Kanduri Chakravarthi, Mamica Maria, Olstad Emilie Willoch, Zucknick Manuela, Li Jingyi Jessica, Sandve Geir Kjetil
Scientific Computing and Machine Learning Section, Department of Informatics, University of Oslo, Oslo, Norway.
UiORealArt Convergence Environment, University of Oslo, Oslo, Norway.
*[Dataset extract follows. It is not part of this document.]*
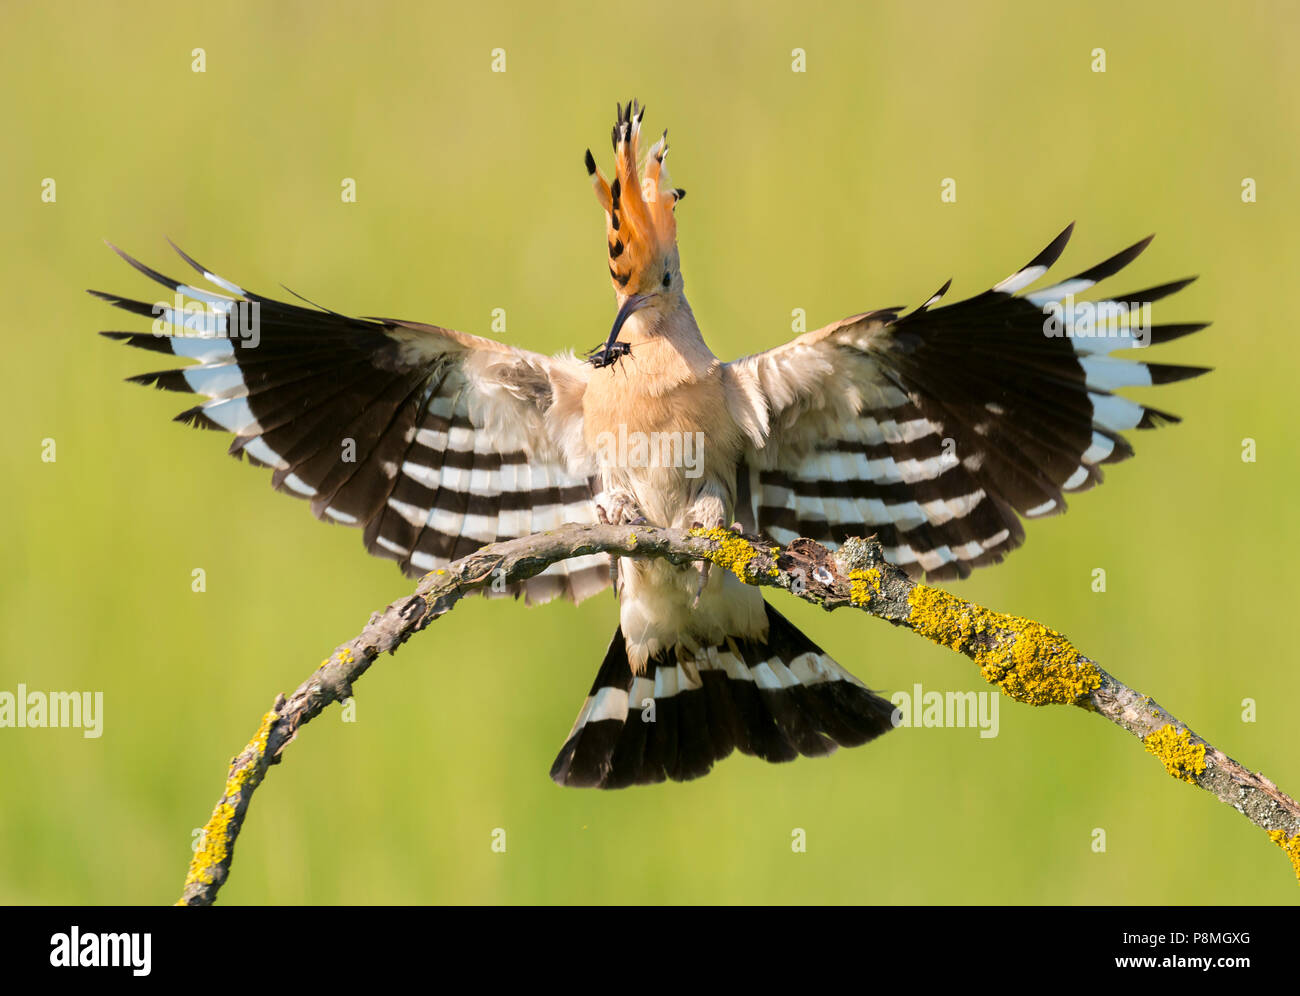 Abubilla aterrizar en la rama con alimentos Foto de stock

Genome Biol. 2025 Aug 18;26(1):249. doi: 10.1186/s13059-025-03734-z.
The false discovery rate (FDR) controlling method by Benjamini and Hochberg (BH) is a popular choice in the omics fields. Here, we demonstrate that in datasets with a large degree of dependencies between features, FDR correction methods like BH can sometimes counter-intuitively report very high numbers of false positives, potentially misleading researchers. We call the attention of researchers to use suited multiple testing strategies and approaches like synthetic null data (negative control) to identify and minimize caveats related to false discoveries, as in the cases where false findings do occur, they may be numerous.
本雅明尼和霍奇伯格(BH)提出的错误发现率(FDR)控制方法是组学领域中常用的选择。在此,我们证明,在特征之间存在高度依赖性的数据集中,像BH这样的FDR校正方法有时可能会违反直觉地报告大量假阳性结果,这可能会误导研究人员。我们提醒研究人员使用合适的多重检验策略和方法,如合成零数据(阴性对照),以识别并尽量减少与错误发现相关的问题,因为在确实出现错误结果的情况下,可能会有很多。